§ DATA EXTRACT
++++++++++++++++++++
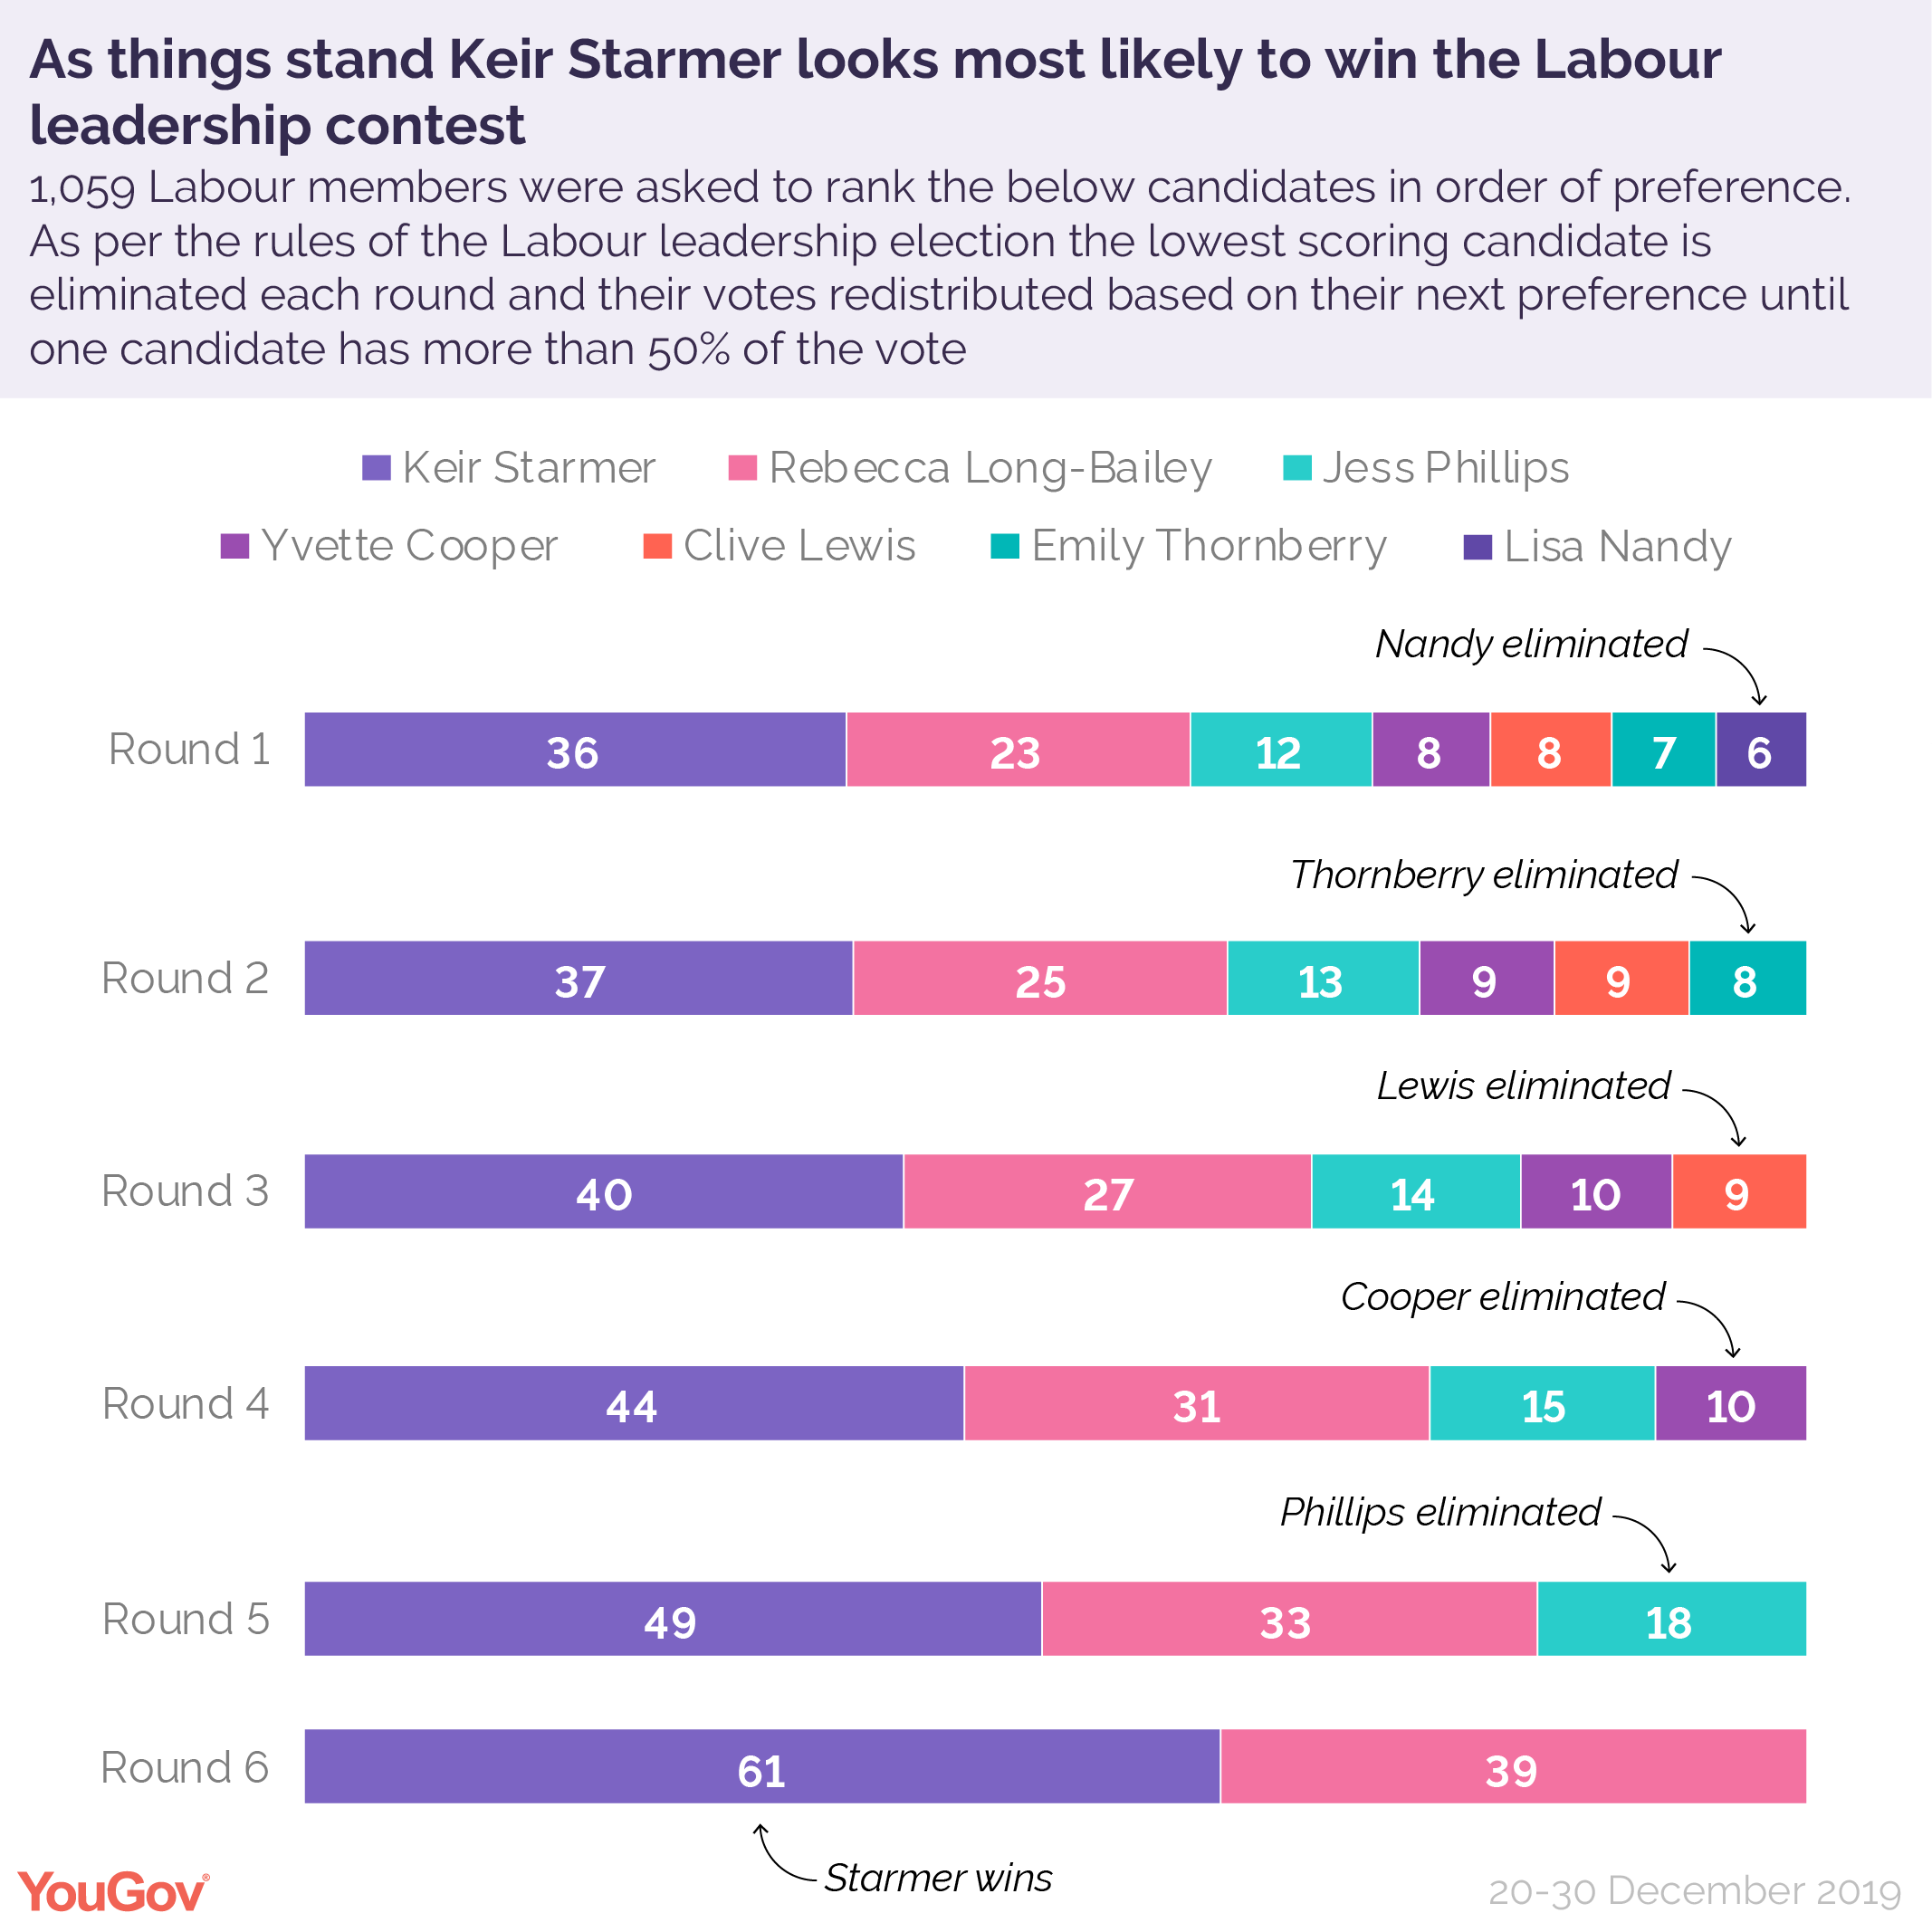 Keir%20Starmer%20most%20likely%20win%20Labour%20leadership%20election.png
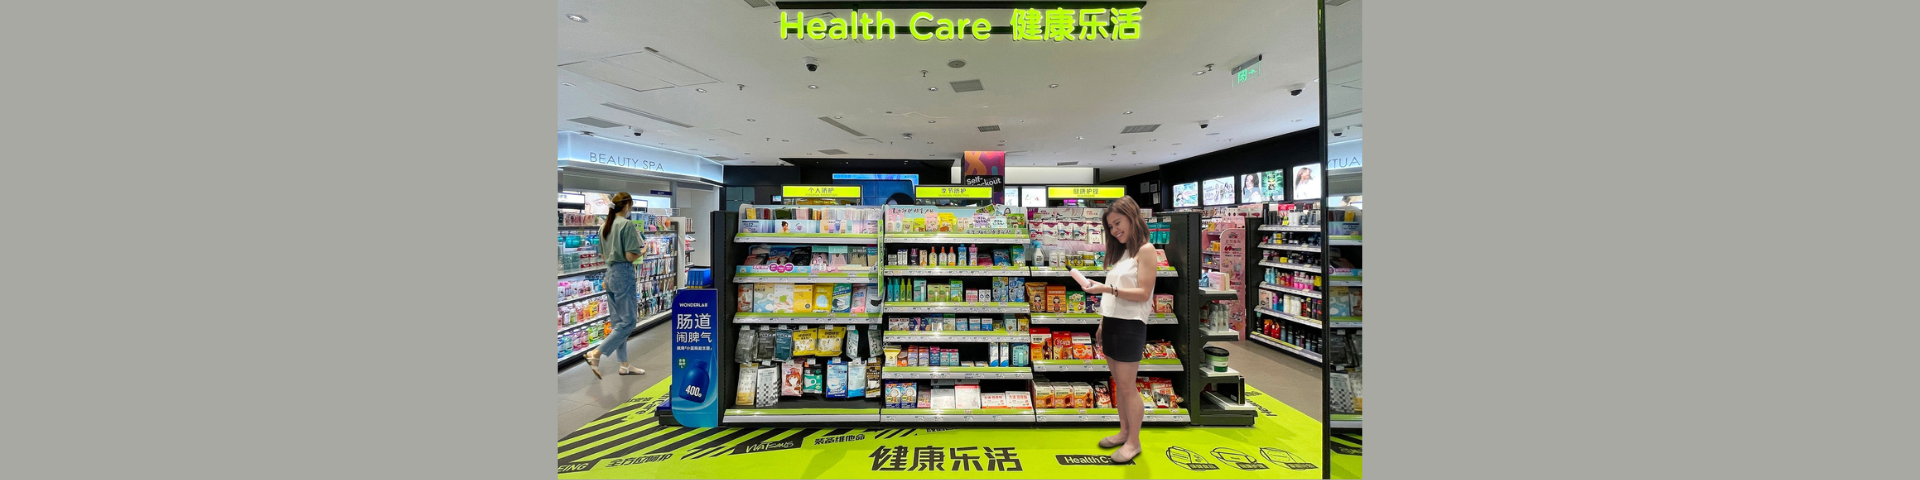 Watsons China Launches Health Care Zone
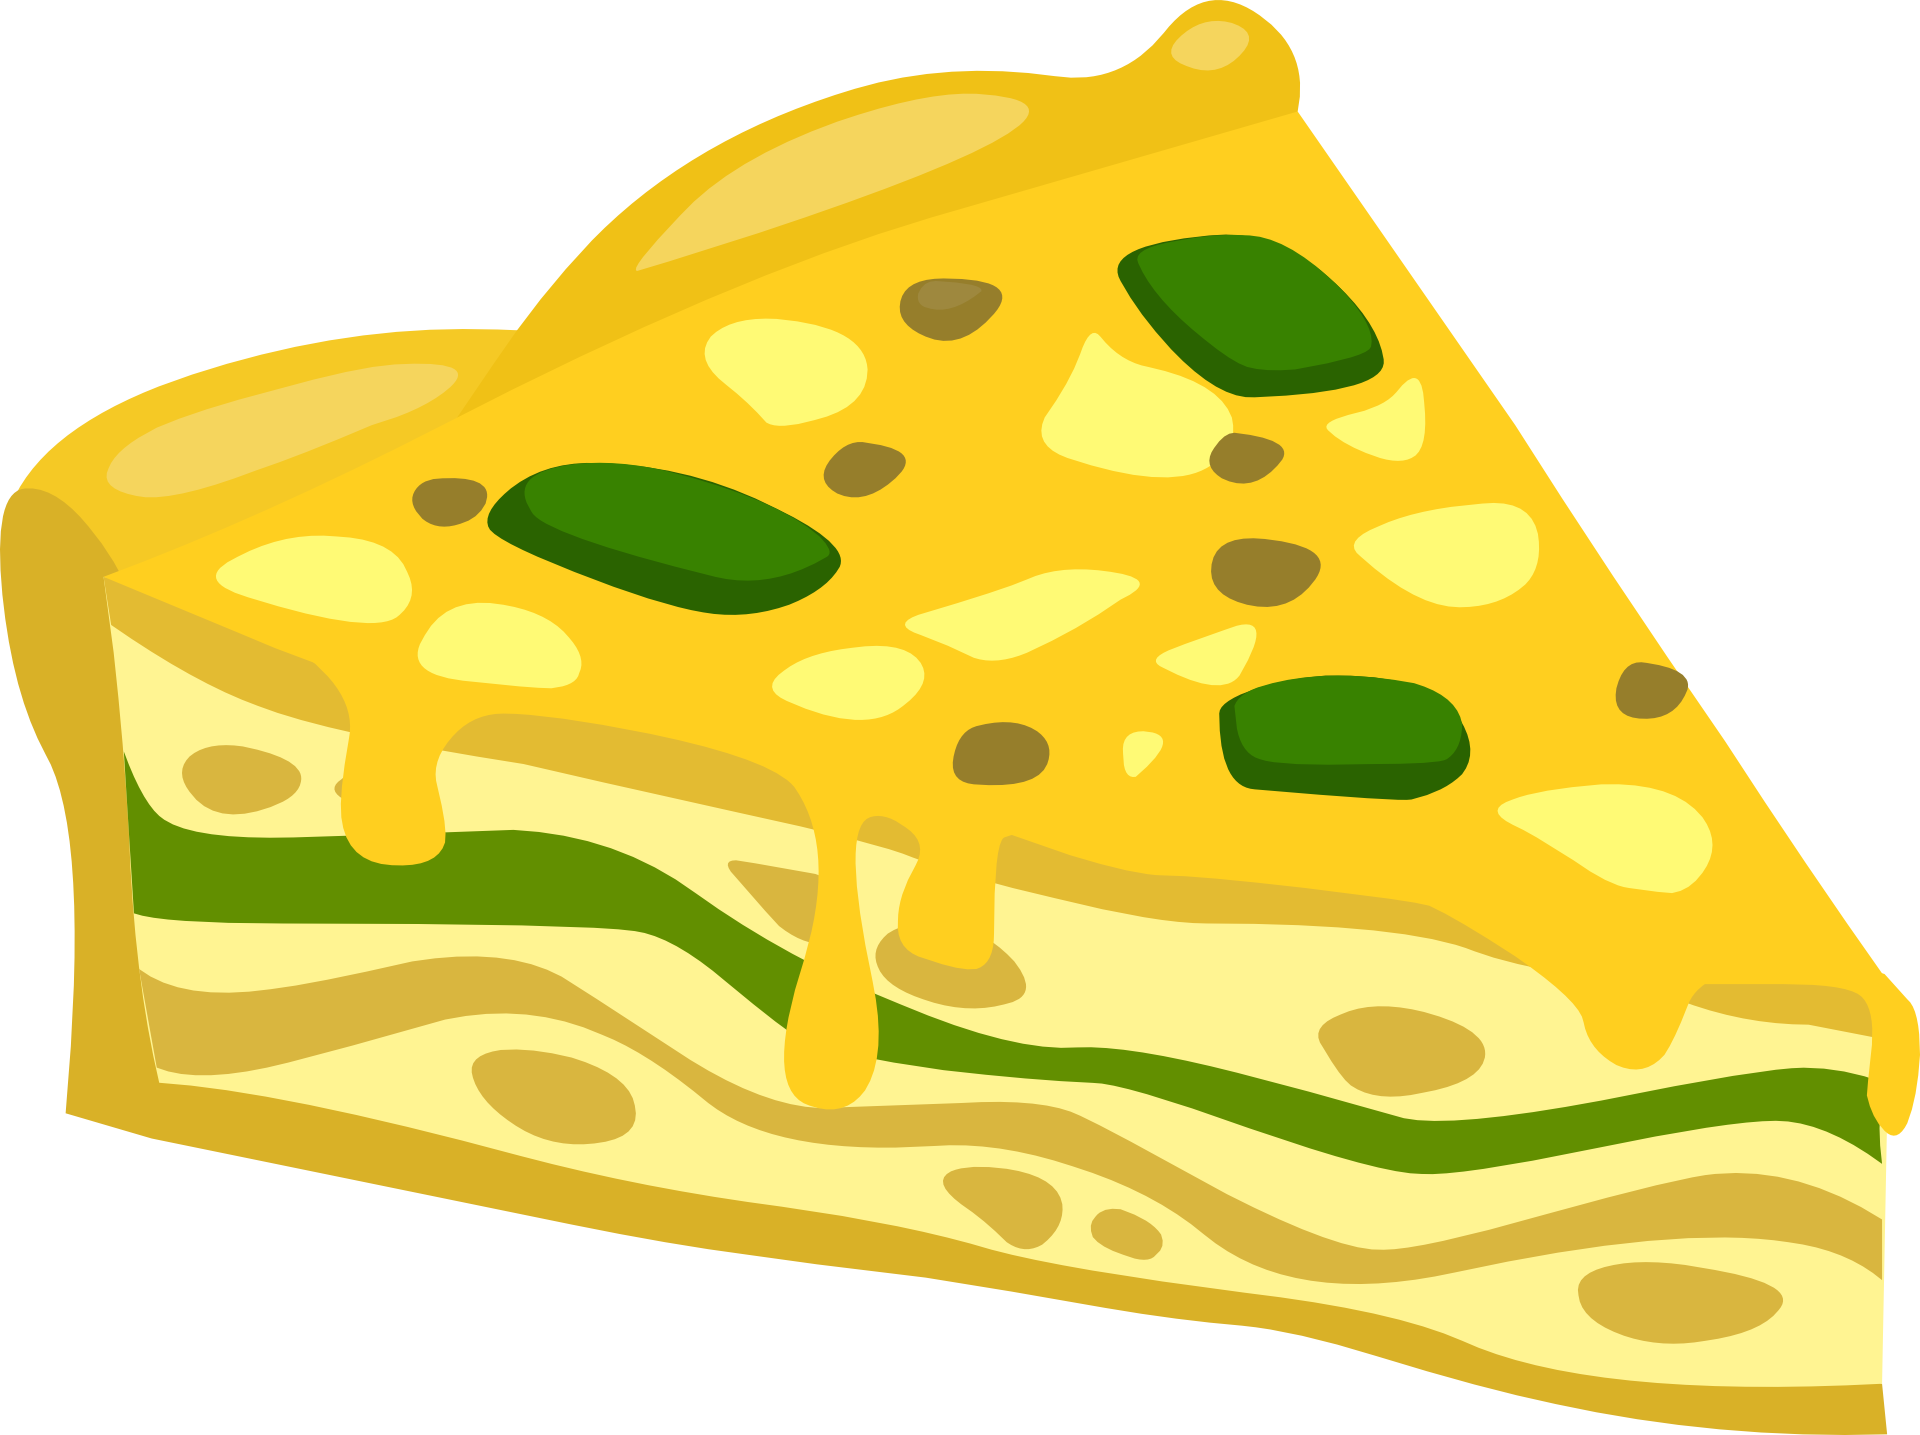 Mexican tortilla drawing free image download
++++++++++++++++++++
§ WHAT THE TASK ASKS
Nothing but the lines from the line with "Watsons China Launches Health Care Zone" through the last line of the listing above should be repeated, and pictures should be left out.

§ PROBLEM SOLUTION
 Watsons China Launches Health Care Zone
 Mexican tortilla drawing free image download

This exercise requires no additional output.